The Affair



A mixture of guilt and anger gnawing away at him, Justin keyed in a text to Alicia as he headed towards the shop Chloe had mentioned. As furious as he was, he couldn’t leave her worrying herself sick. She would be beside herself with grief, feeling bereft twofold, as he was. Sorrow weighed like a cold stone inside him as he thought of his innocent baby boy, whose soul they’d laid to rest just a few hours ago. It seemed like a lifetime had passed since then. I’ll call you as soon as I know anything, he typed, and then hesitated, not sure how to sign off, dearly wishing it was possible to turn back the clock to a time where their lives weren’t irretrievably fractured and he would have ended his text with a single X, as always. Not any more. It was all gone, everything they’d ever had together, slipping through his hands as surely as water through his fingers.

Not Sophie.

He couldn’t lose her. Wouldn’t.

Leaving the message as it was, he hit send and quickly selected Sophie’s mobile for the umpteenth time since he’d left home. His heart hitching, he slowed as the call began to ring, his gaze shooting towards a coffee shop ahead of him. Her ringtone: Adele. The tune that rang constantly around the house. It had to be hers. She was there, somewhere.

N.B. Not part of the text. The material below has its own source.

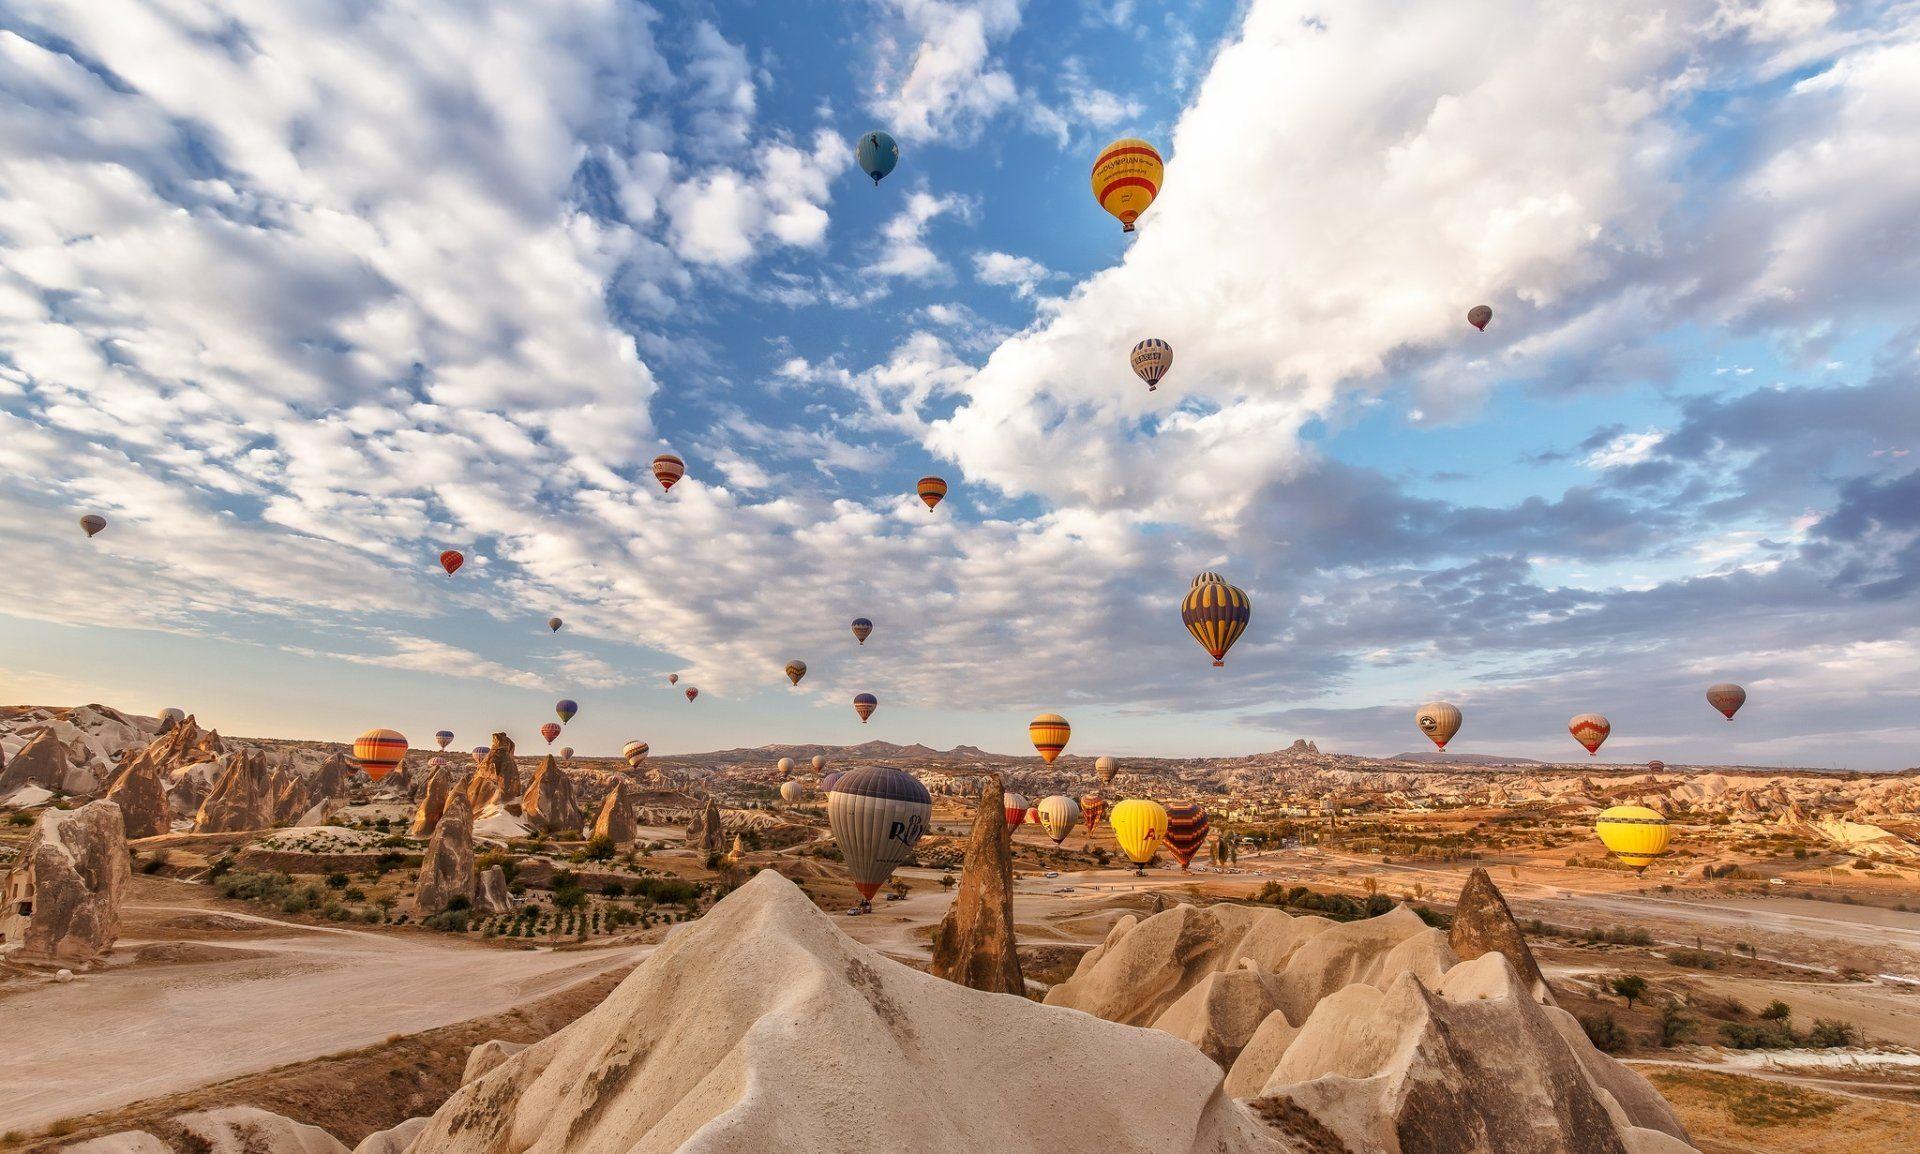 Vehicles Hot Air Balloon Landscape Desert Turkey Rock Sky
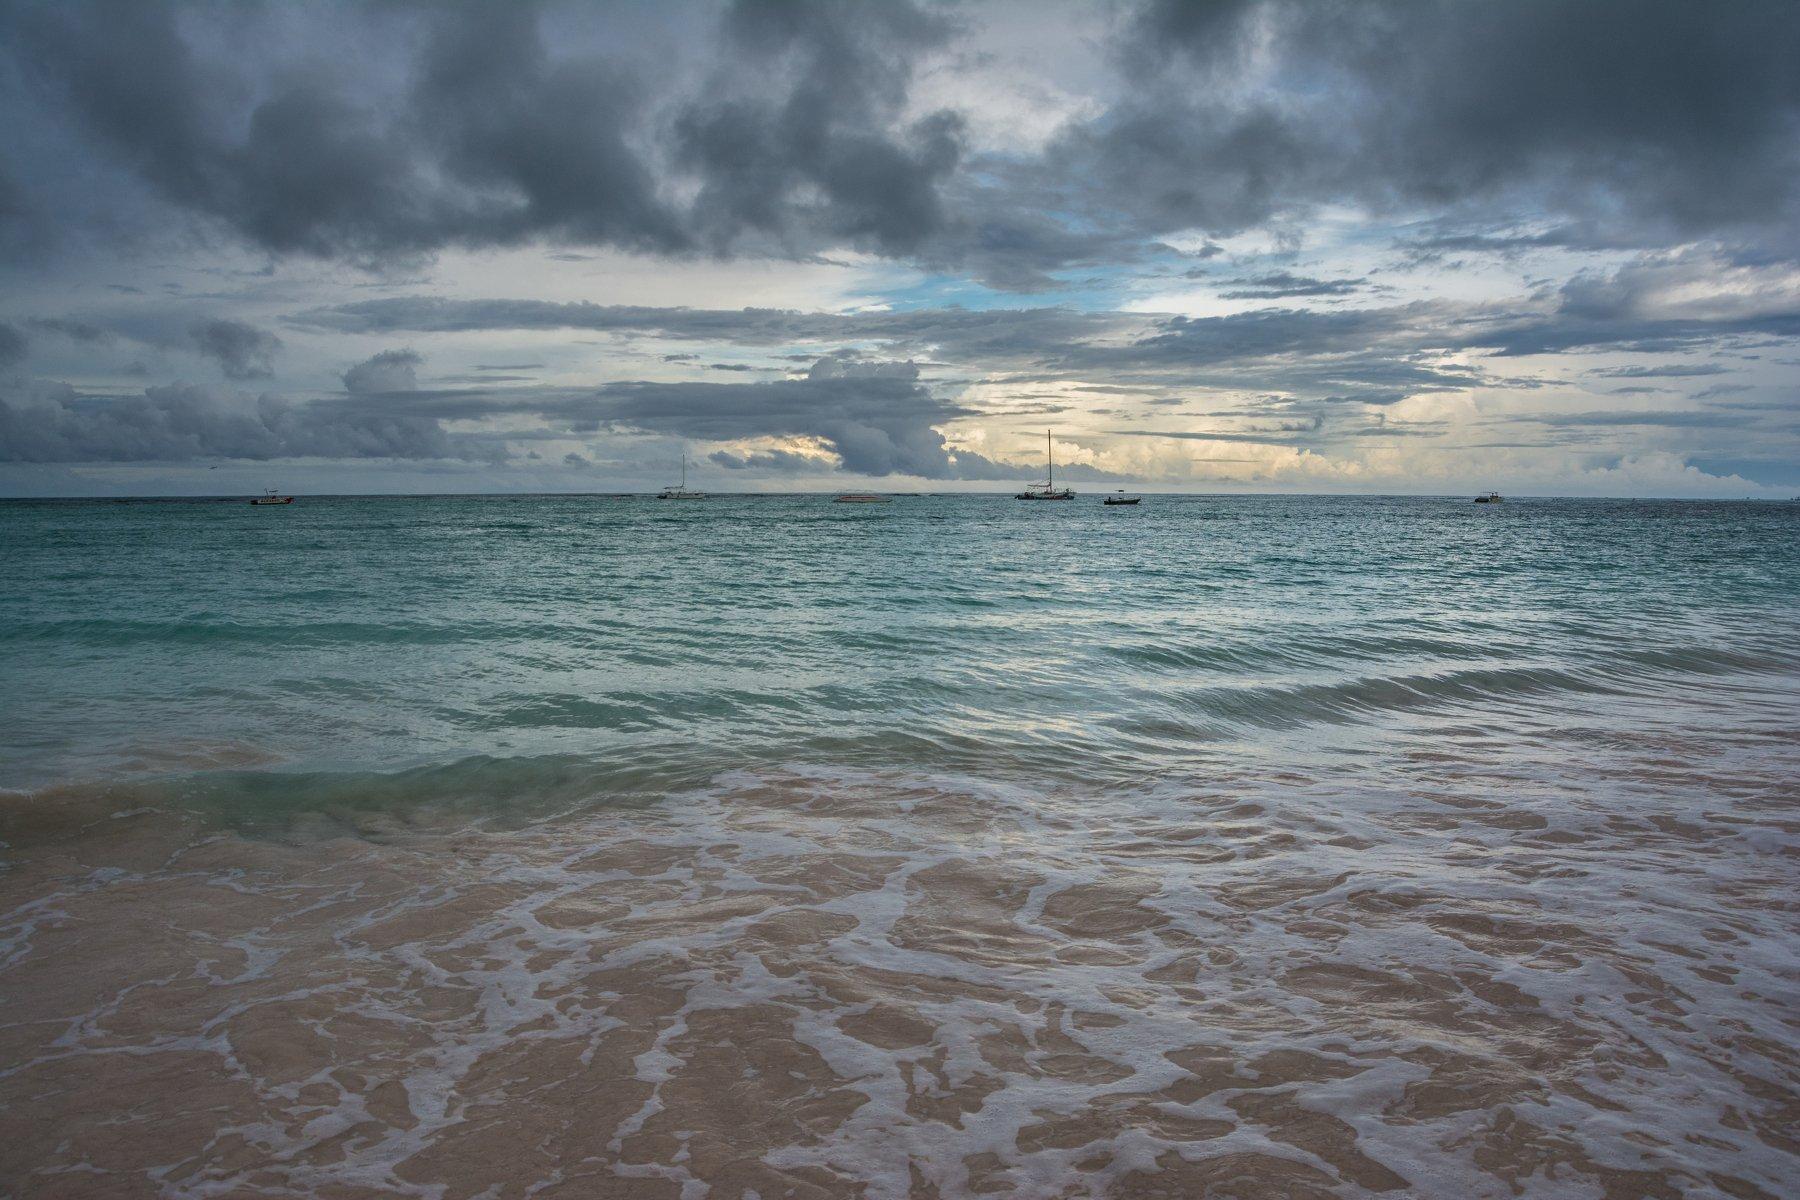 Атлантика, океан, небо, облака, яхты, вода, море, лето, утро, путешествие, пейзаж, природа, стихии, Sergey Oslopov

Shit! He ground to a halt as the phone stopped ringing. She was here. He could sense her. But where? Dragging a hand through his hair, his desperation mounting, he scoured the seated crowd – and his heart almost stopped pumping.

Looking every bit as vulnerable and lonely as he knew she must be feeling, Sophie was sitting on the far side of the coffee shop.

Dammit. He cursed silently as a group of kids scraped their chairs back, simultaneously rising from a table directly in front of him.

His gaze fixed on Sophie, Justin mumbled an apology and squeezed past them, and then faltered as she turned to him with a look of alarm. A feeling of sick trepidation clenched his stomach.

‘Sophie,’ he said, making sure to keep his tone calm.

Time seemed to freeze for one agonising second as she locked eyes with him, and then, as Justin took another tentative step towards her, Sophie shot to her feet, grappling her overnight bag from the back of her chair and almost stumbling over a table as she backed away. Backed away from him.

‘Sophie, wait! Please,’ he called desperately, as she turned away. ‘Sophie!’

‘No!’ Sophie whirled back around, her expression now one of near hatred, which shook Justin to the core. ‘Go away! Leave me alone!’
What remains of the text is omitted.